§ **Dataset section**
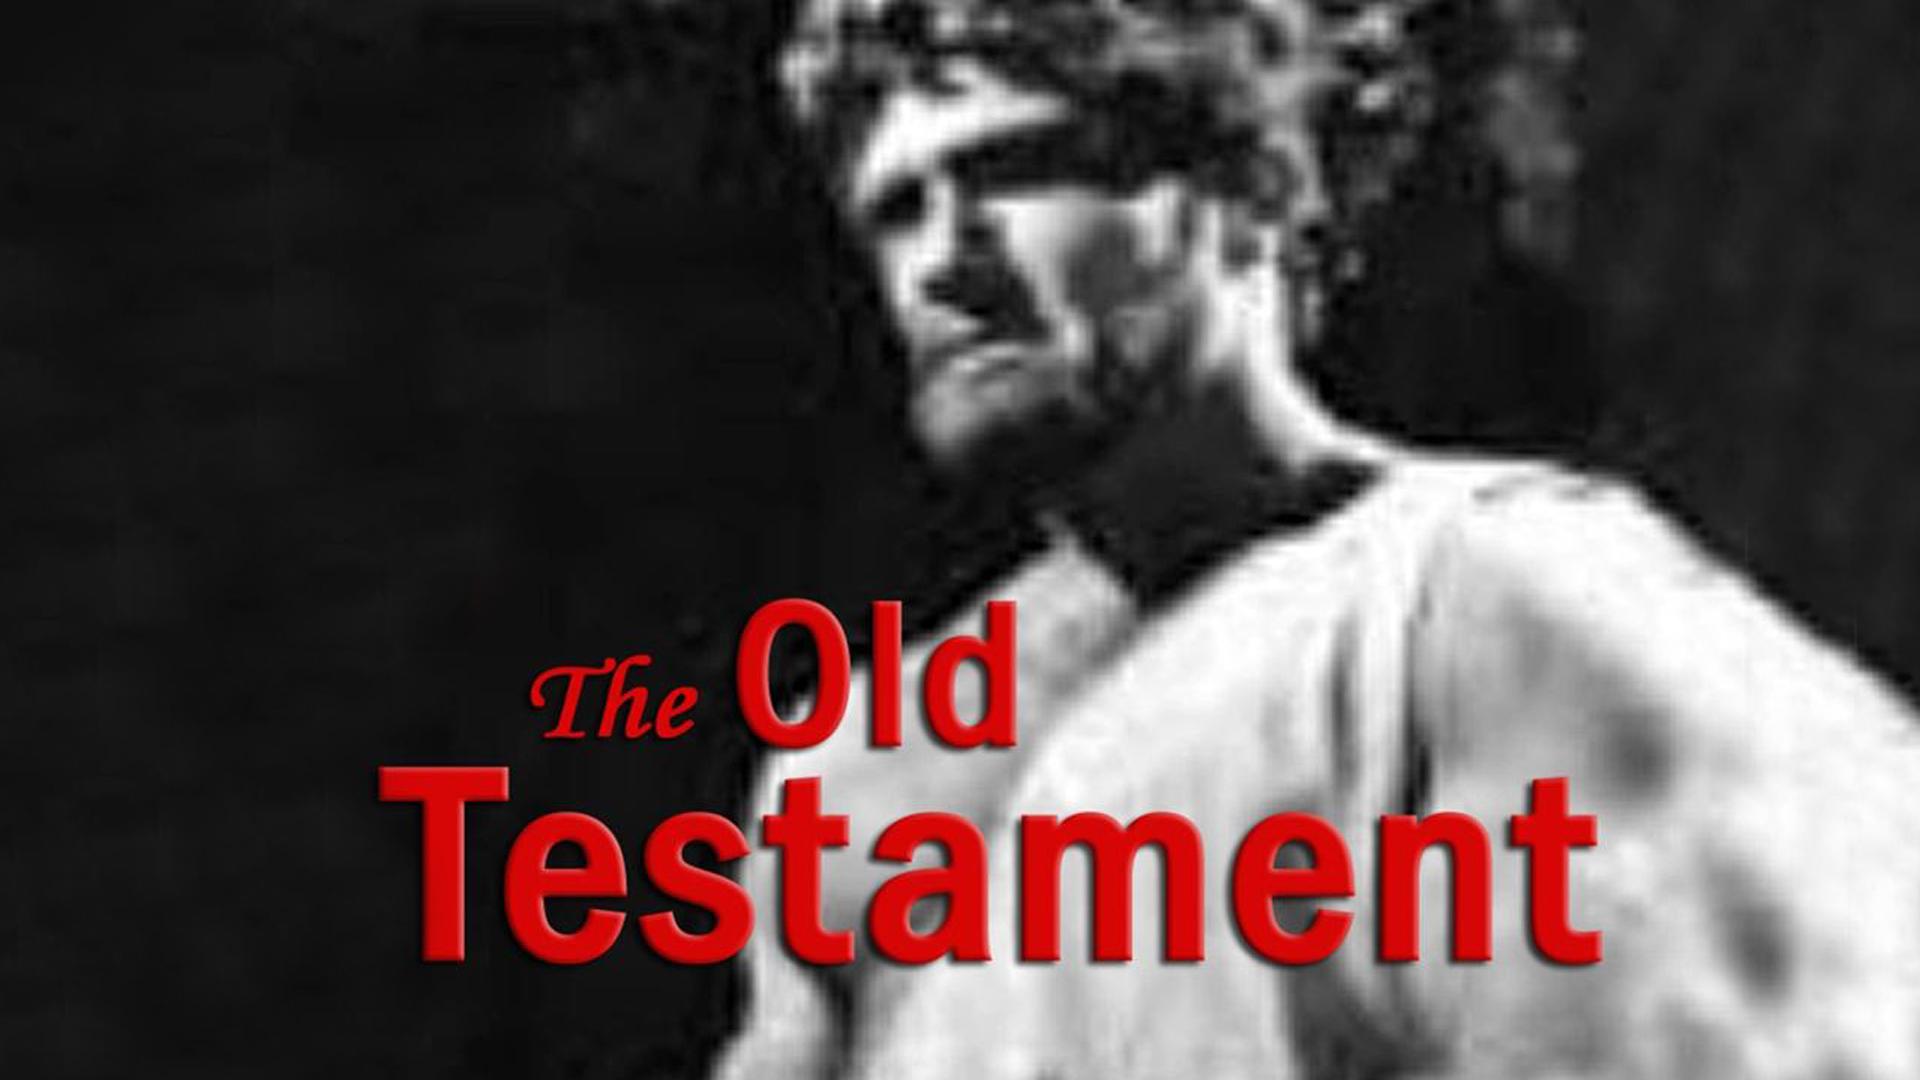 Old Testament (1963)
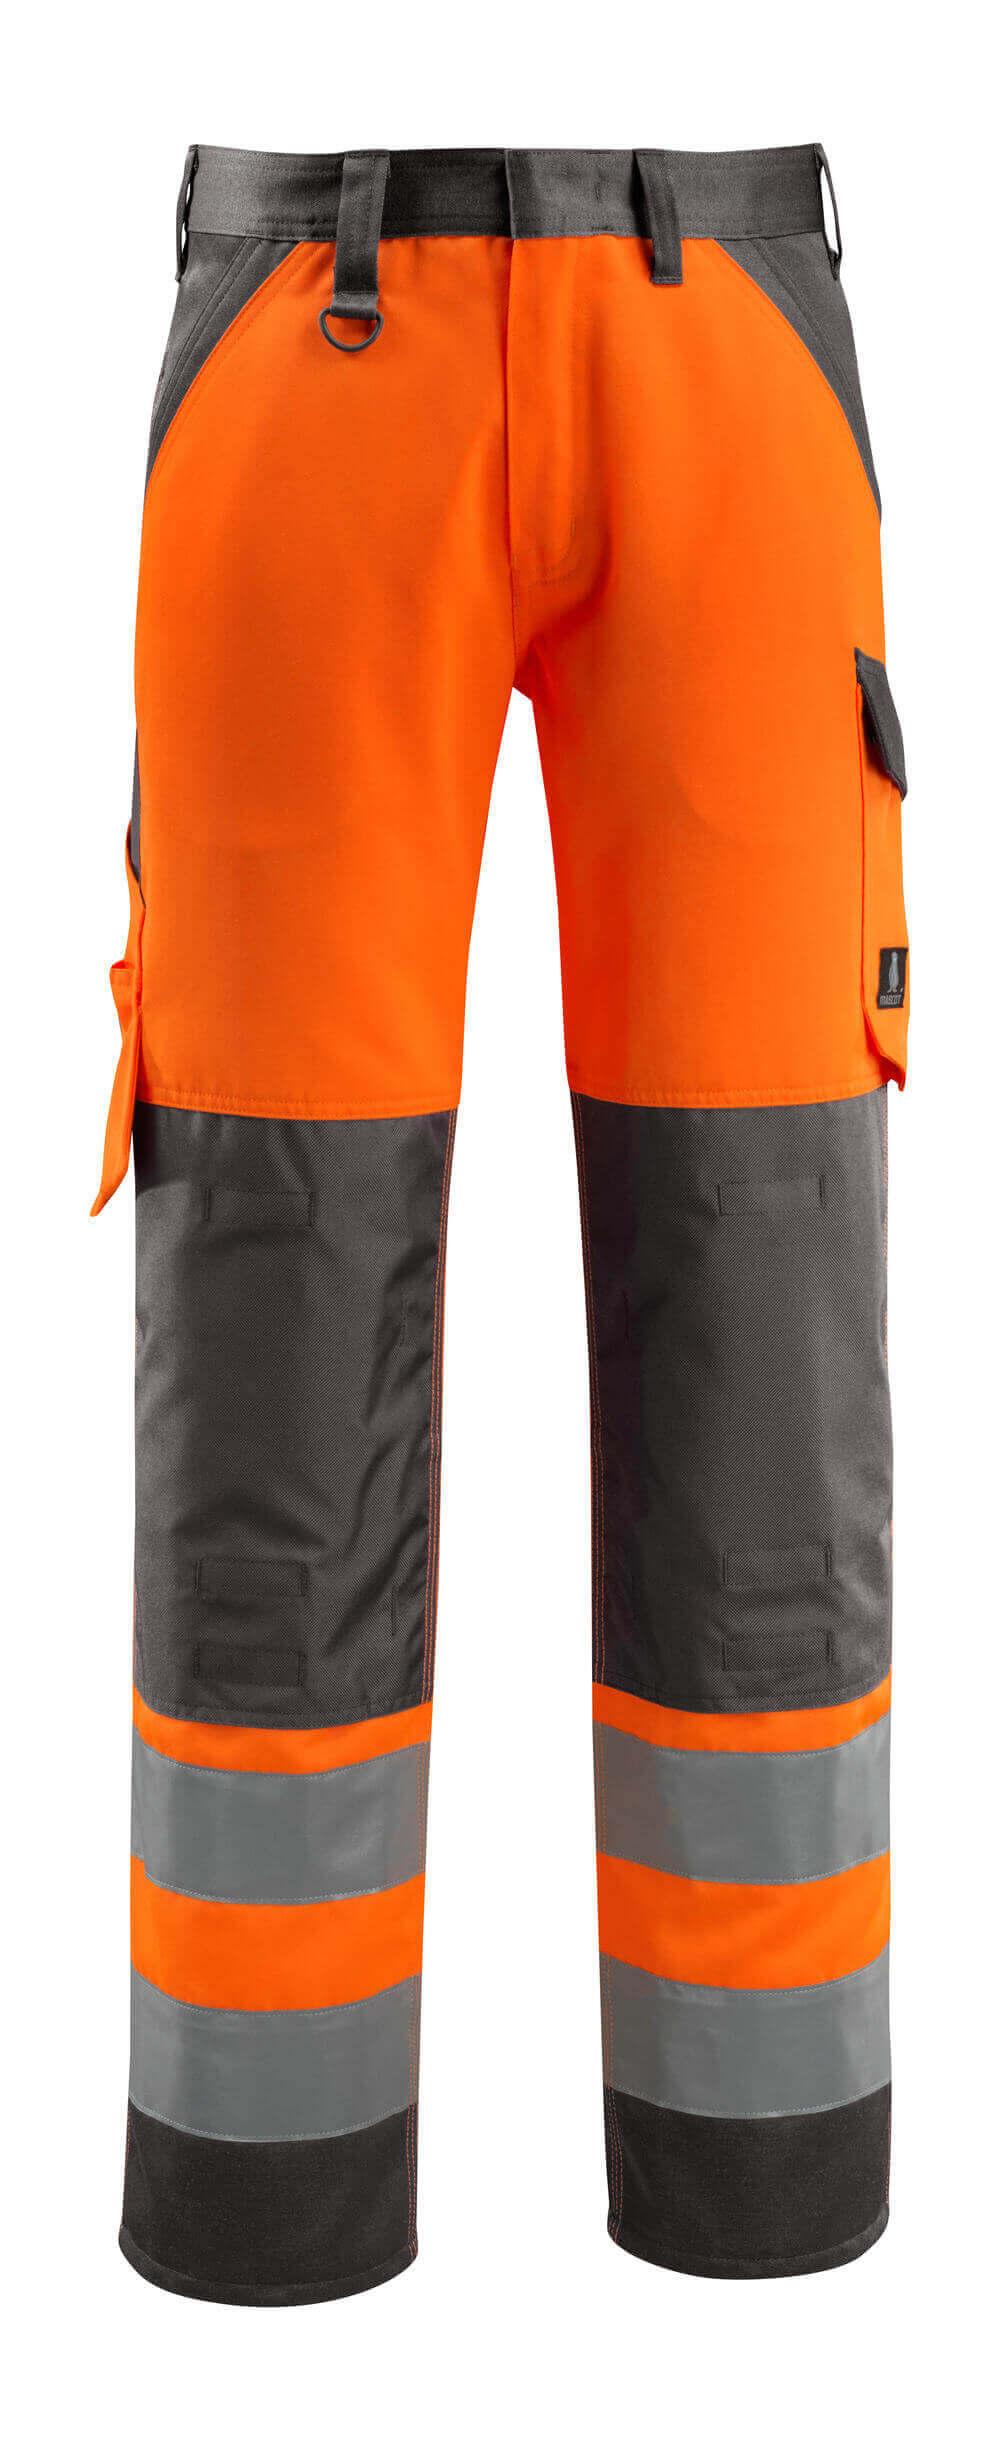 15979-948-1418 Pants with kneepad pockets - hi-vis orange/dark anthracite
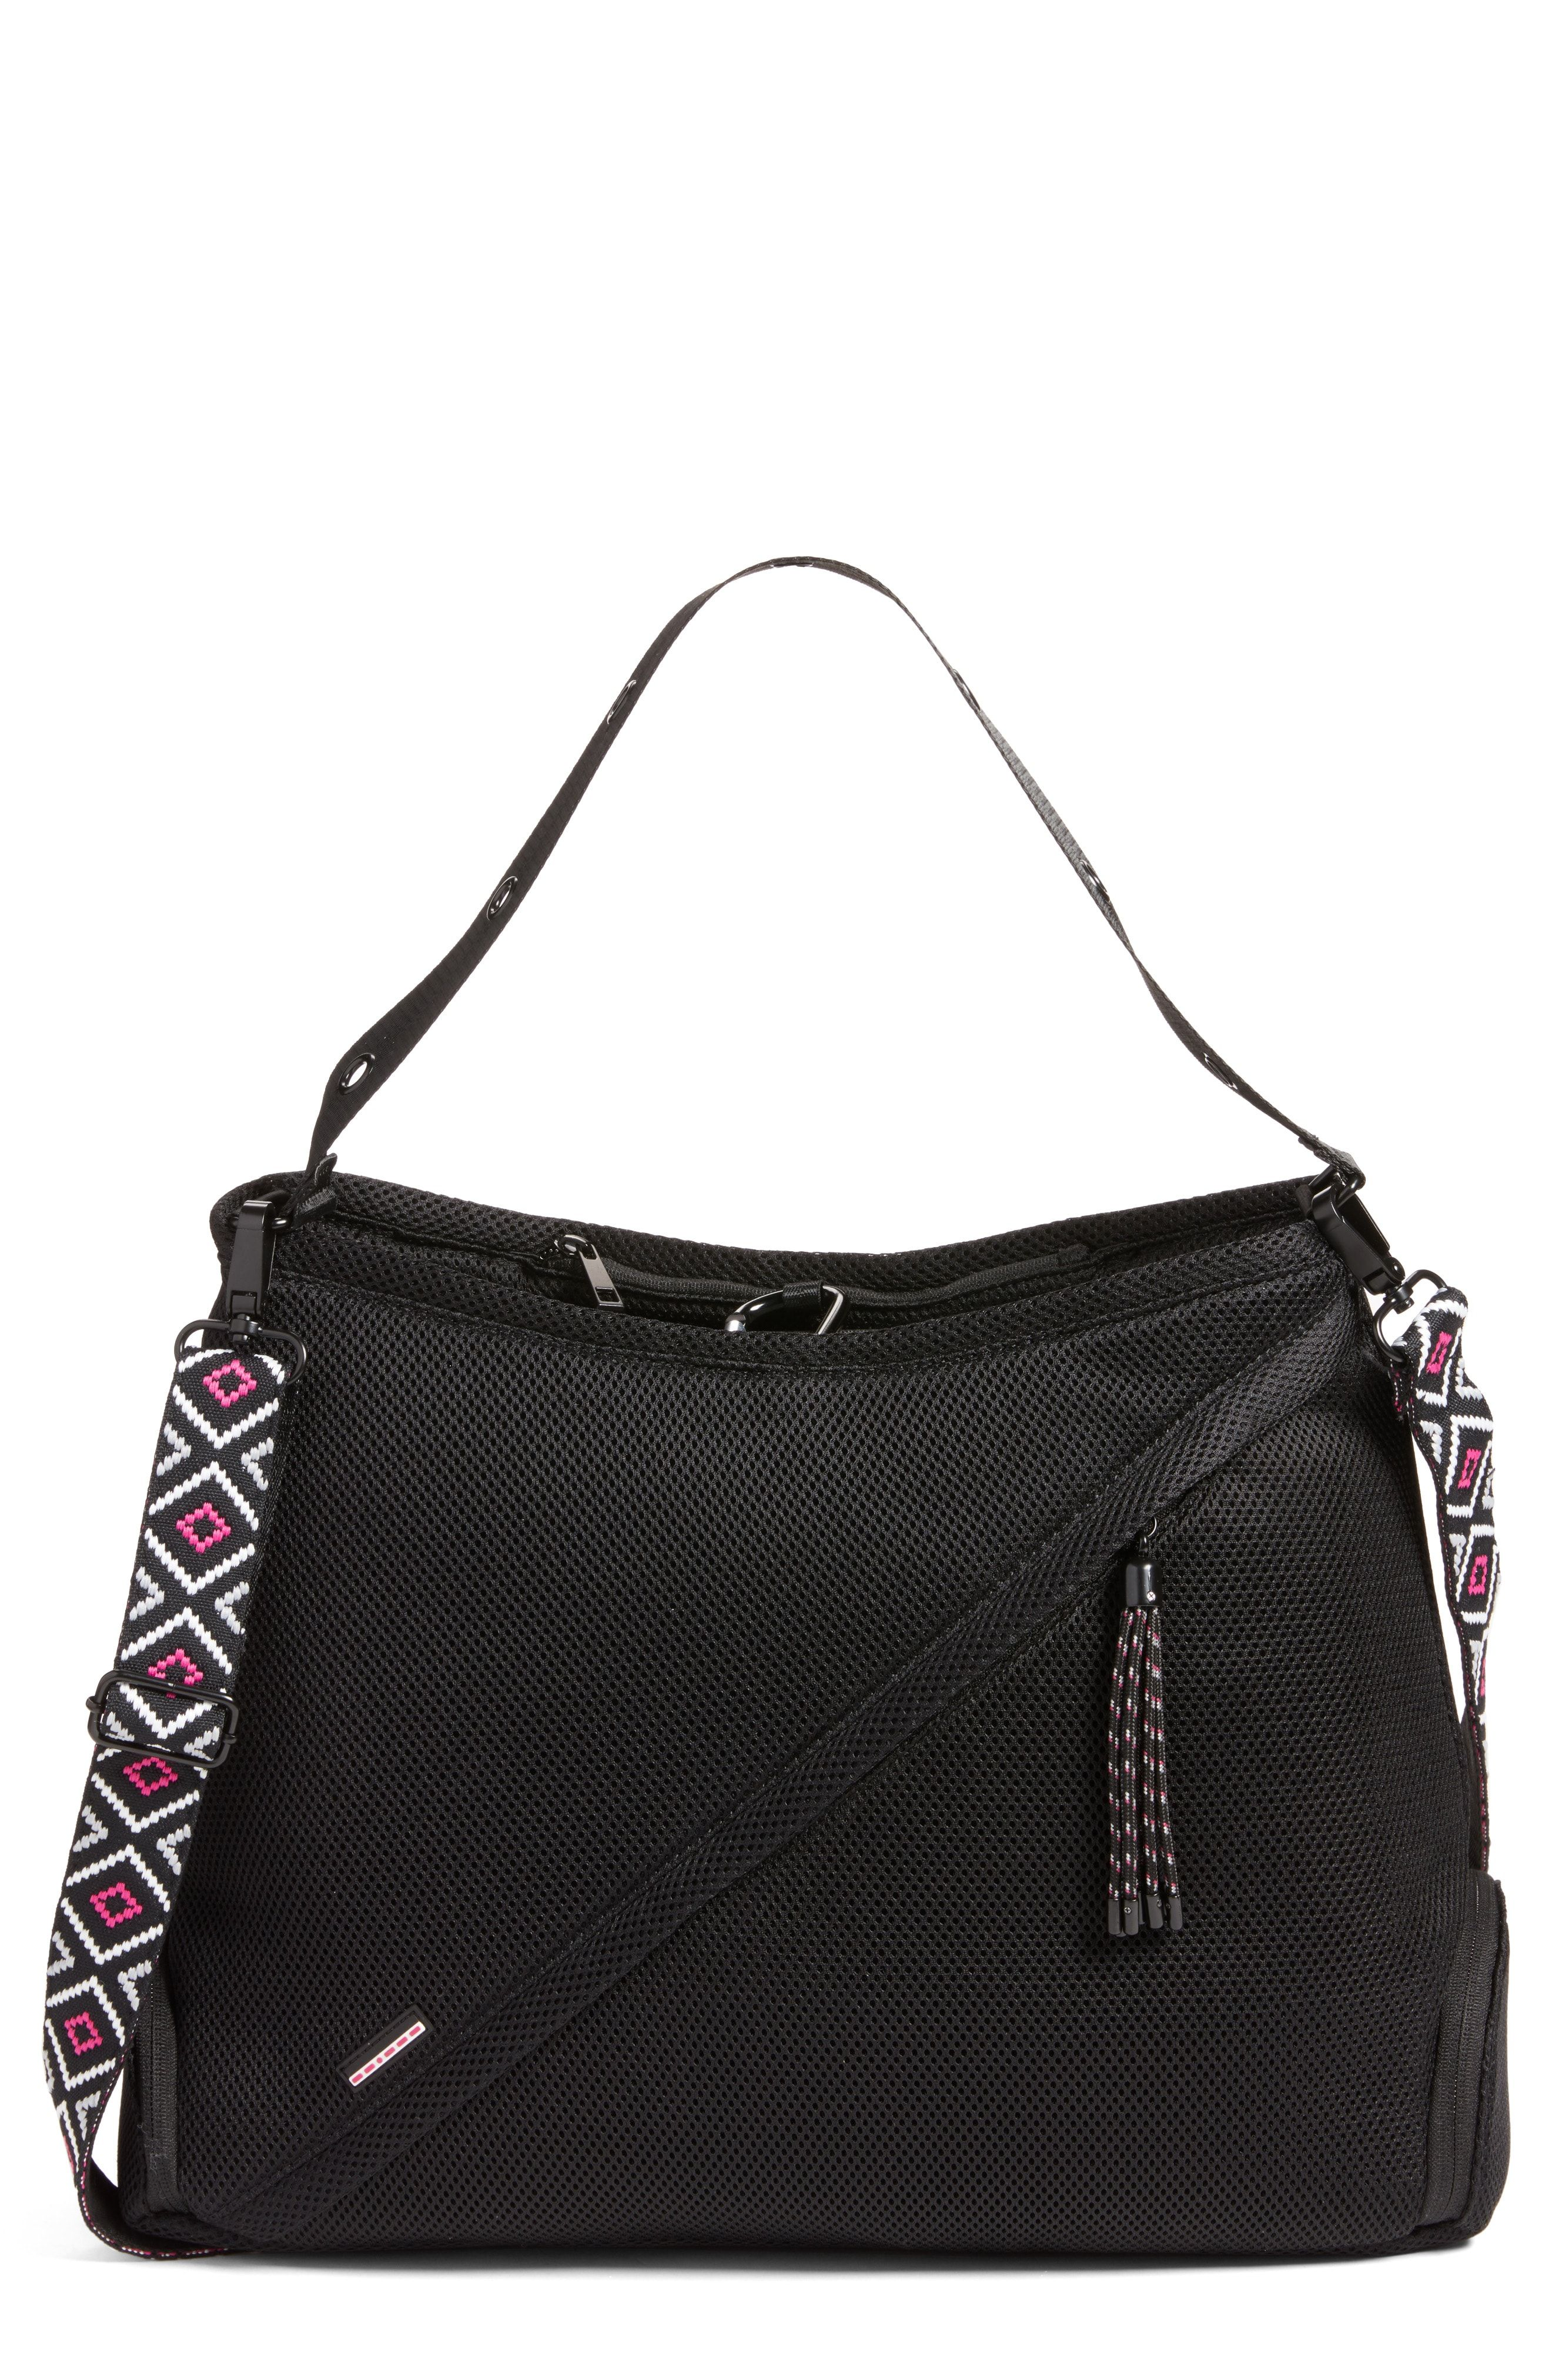 965ca49e77 11 Best Yoga Bags - Yoga Bags

§ **Exercise**
The answer should match the data above word for word, with no pictures in it.

§ **Answer box**
 Old Testament (1963)
 15979-948-1418 Pants with kneepad pockets - hi-vis orange/dark anthracite
 965ca49e77 11 Best Yoga Bags - Yoga Bags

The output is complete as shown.